Regarding the frequency of call, 32.2% had four or fewer ENTs in the ER rotation, while 3.4% responded that they were the only ENT on-call for their center. The most frequent response was five to seven physicians in the call rotation with 29.2% (Figure 3).
Of this population of private practitioners, 83.3% took emergency call coverage, with 74.8% of the respondents being required by their hospital to do so. Of those that take emergency call, 66.8% do get paid. However, only 47.9% of respondents are compensated at all the hospitals they cover (Figure 4). Interestingly, of those that knew the answer (n=226), 23% responded that although they do not get paid for call at their hospital, they know that other service lines at their hospital are paid for call.

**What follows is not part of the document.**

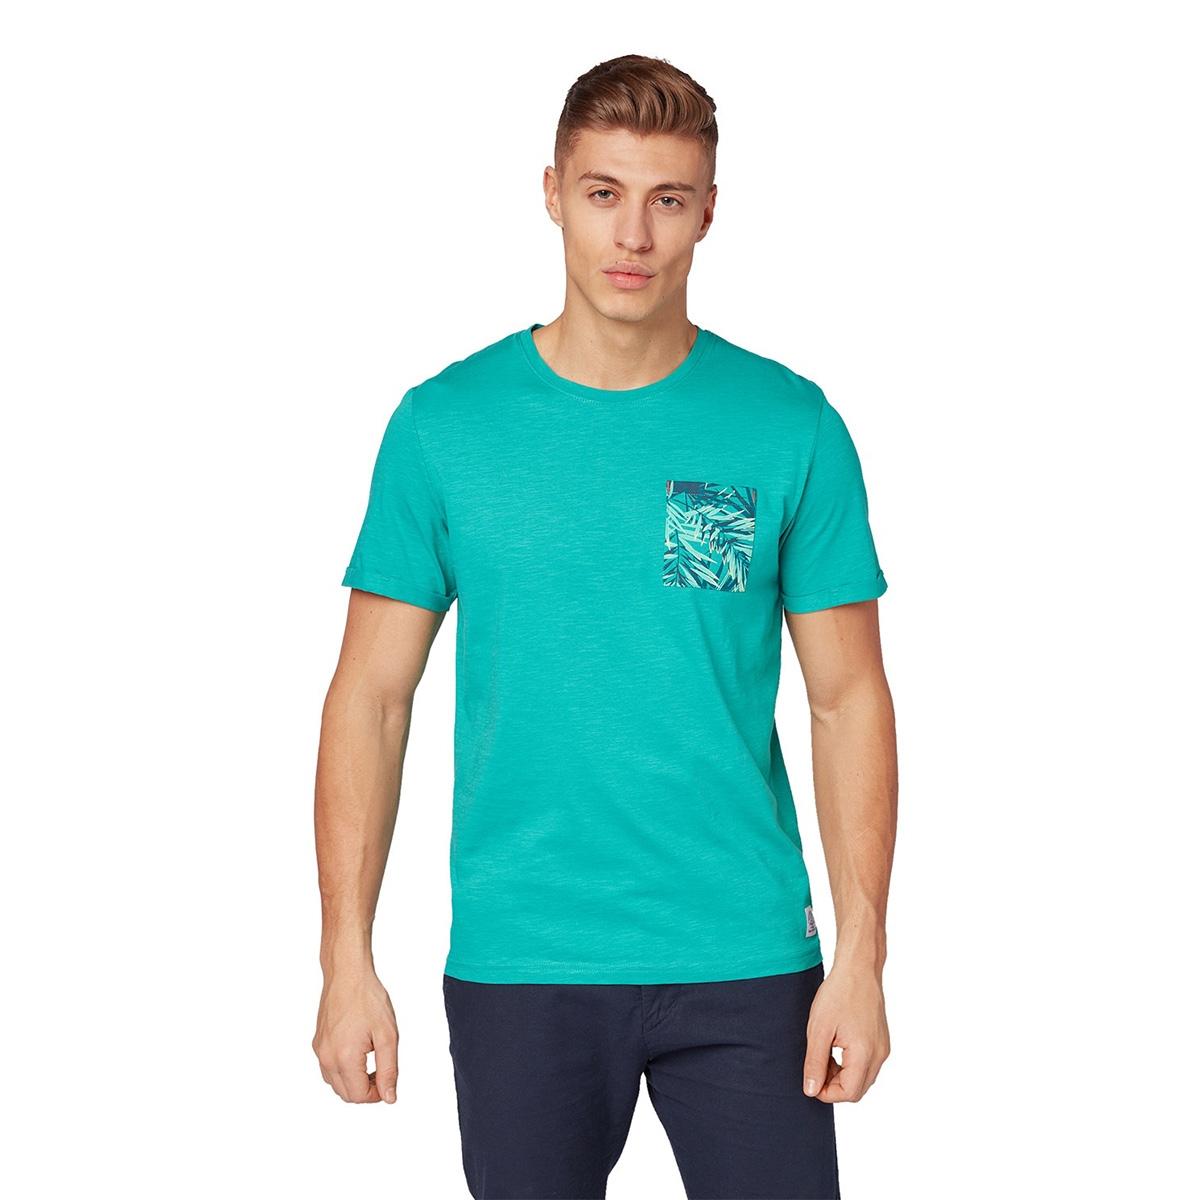 t shirt met borstzak 1011568xx10 tom tailor t-shirt 16205

Although the survey intentionally did not seek to measure specific compensation amounts for on-call coverage, 64.8% who are compensated were able to negotiate their call remuneration with the hospital. Only 14.4% reported a negotiated compensation based on a national metric (i.e., MGMA data), while the majority (53.4%) did not know what the compensation was based upon (Figure 5). Furthermore, 56.5% of those who were paid for ER calls felt they are not compensated adequately for their services, and only 25.9% confirmed that they were being compensated for the uninsured patients whom they provide care for while on ER call.

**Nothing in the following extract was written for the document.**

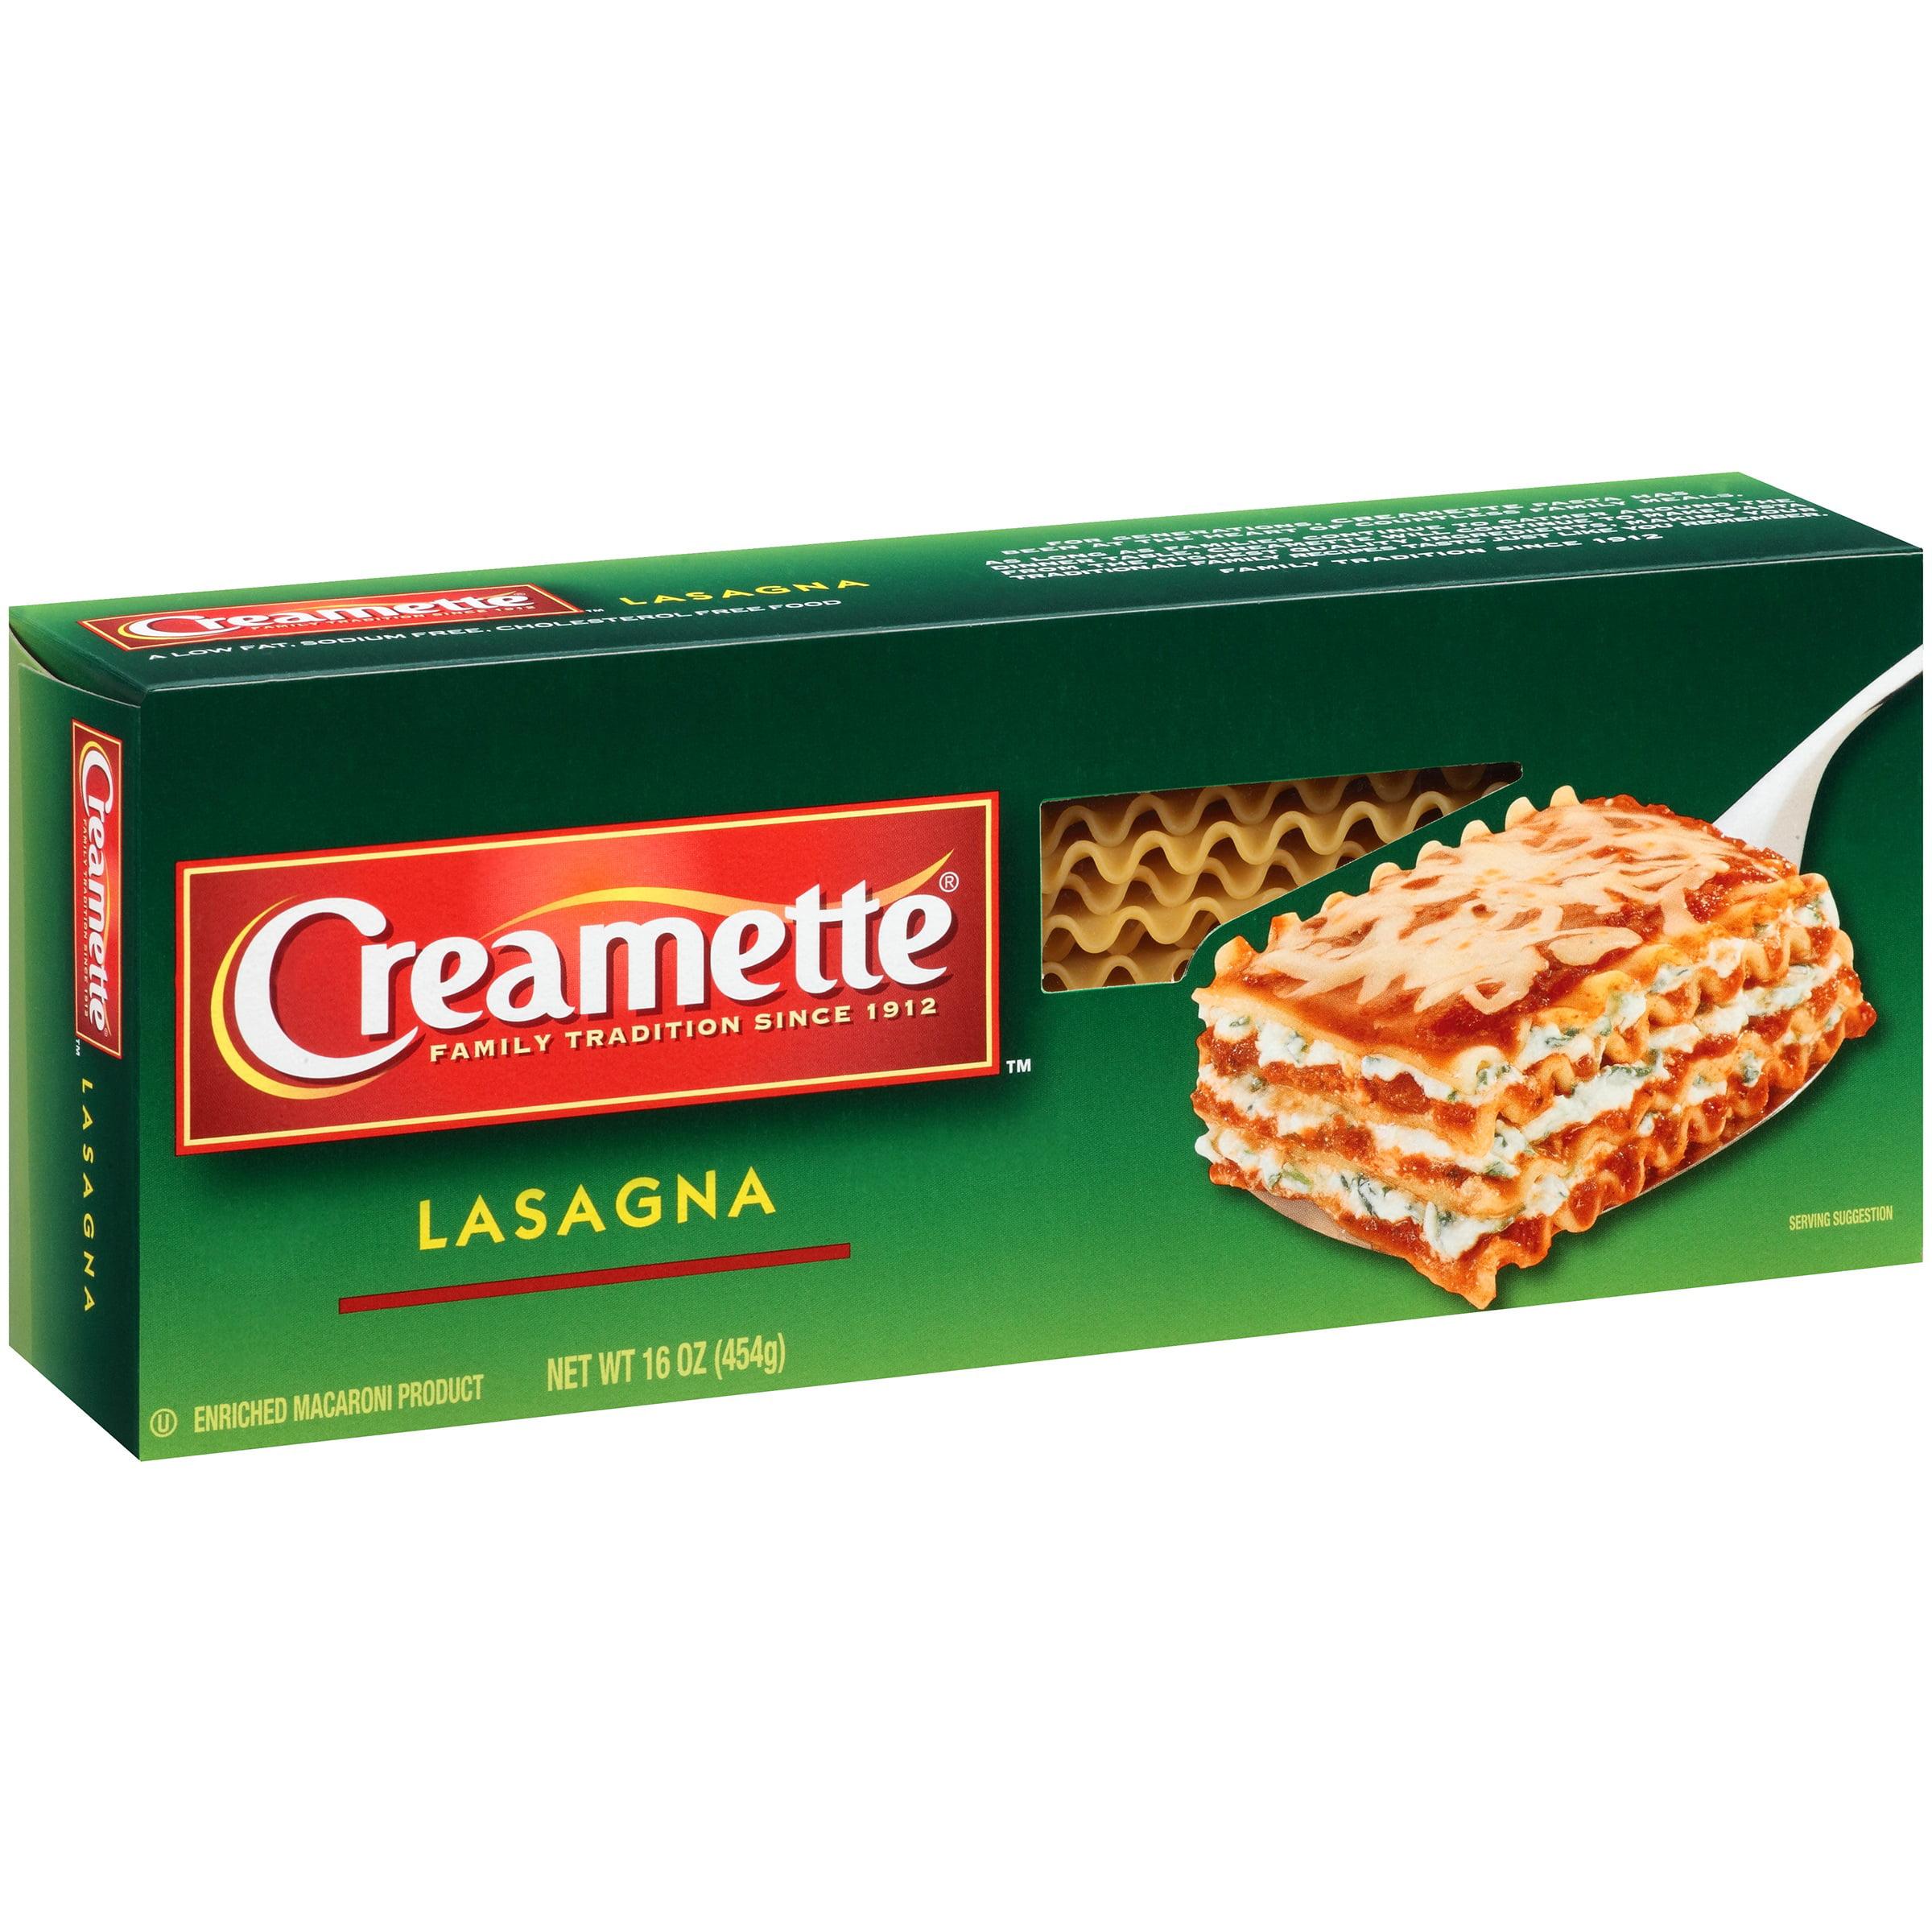 Creamette Lasagna, 16 oz by New World Pasta

Regarding assistance when on call, only 21.1% had an advanced practice provider (APP) who helped “all the time” (12.4%) or “sometimes” (8.7%), while only 8.7% had a resident who assisted “all” or “some of the time.” Of those that used an app, 90.3% paid for this coverage assistance themselves or within their call group. Additionally, consistent with the previous BOG survey data from 2017, 47.9% felt that they were at least sometimes asked to consult, render an opinion on, or direct care outside the scope of practice of an otolaryngologist.

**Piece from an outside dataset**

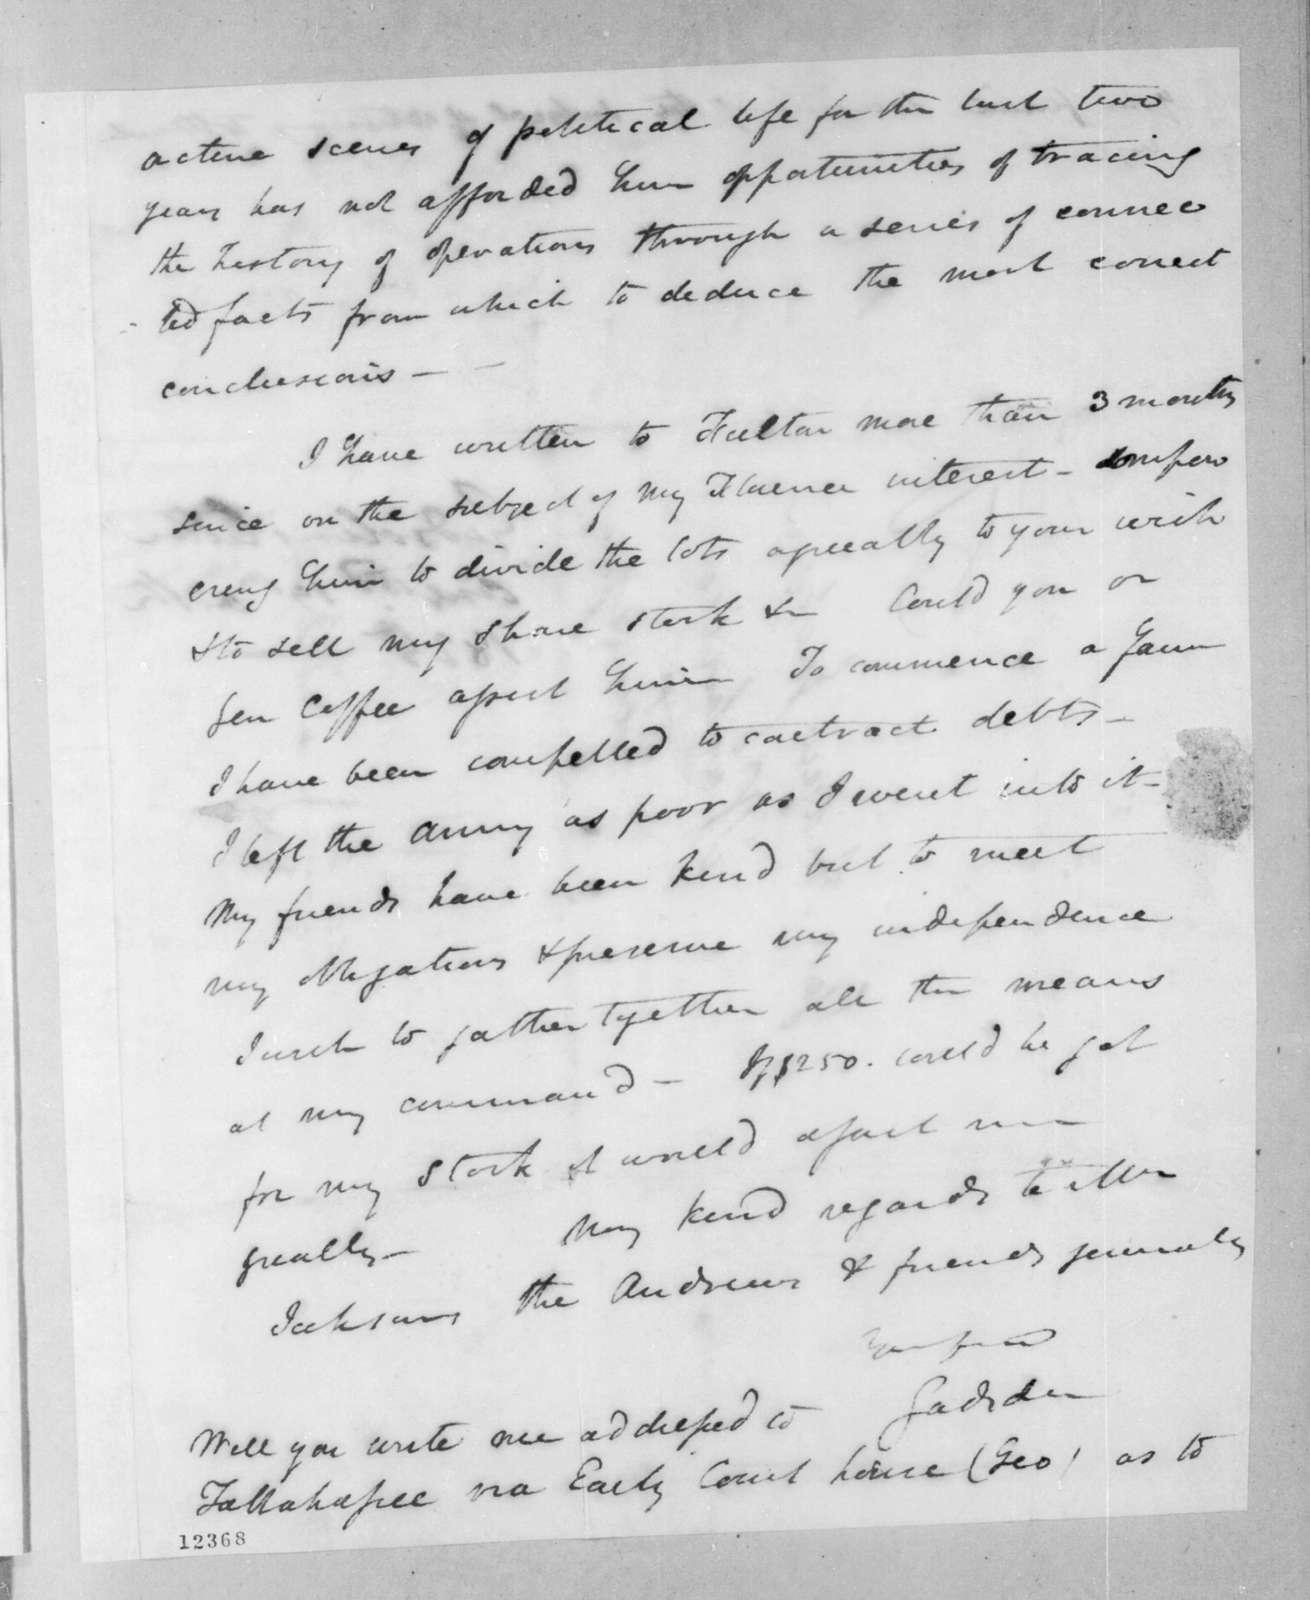 James Gadsden to Andrew Jackson, September 15, 1825

When taken as a whole, these data present an interesting picture of ER call coverage in the otolaryngology private practice community in the United States. Although a majority of the respondents are being compensated, most do not feel that this compensation is adequate, and a majority are being compensated based on unknown metrics.
It is hoped that knowing that the supermajority of private practice otolaryngologists are now being compensated—albeit at what many feel is a below-market rate—we will be empowered to advocate for ourselves and negotiate from a position of strength that supports compensation for call at fair market value.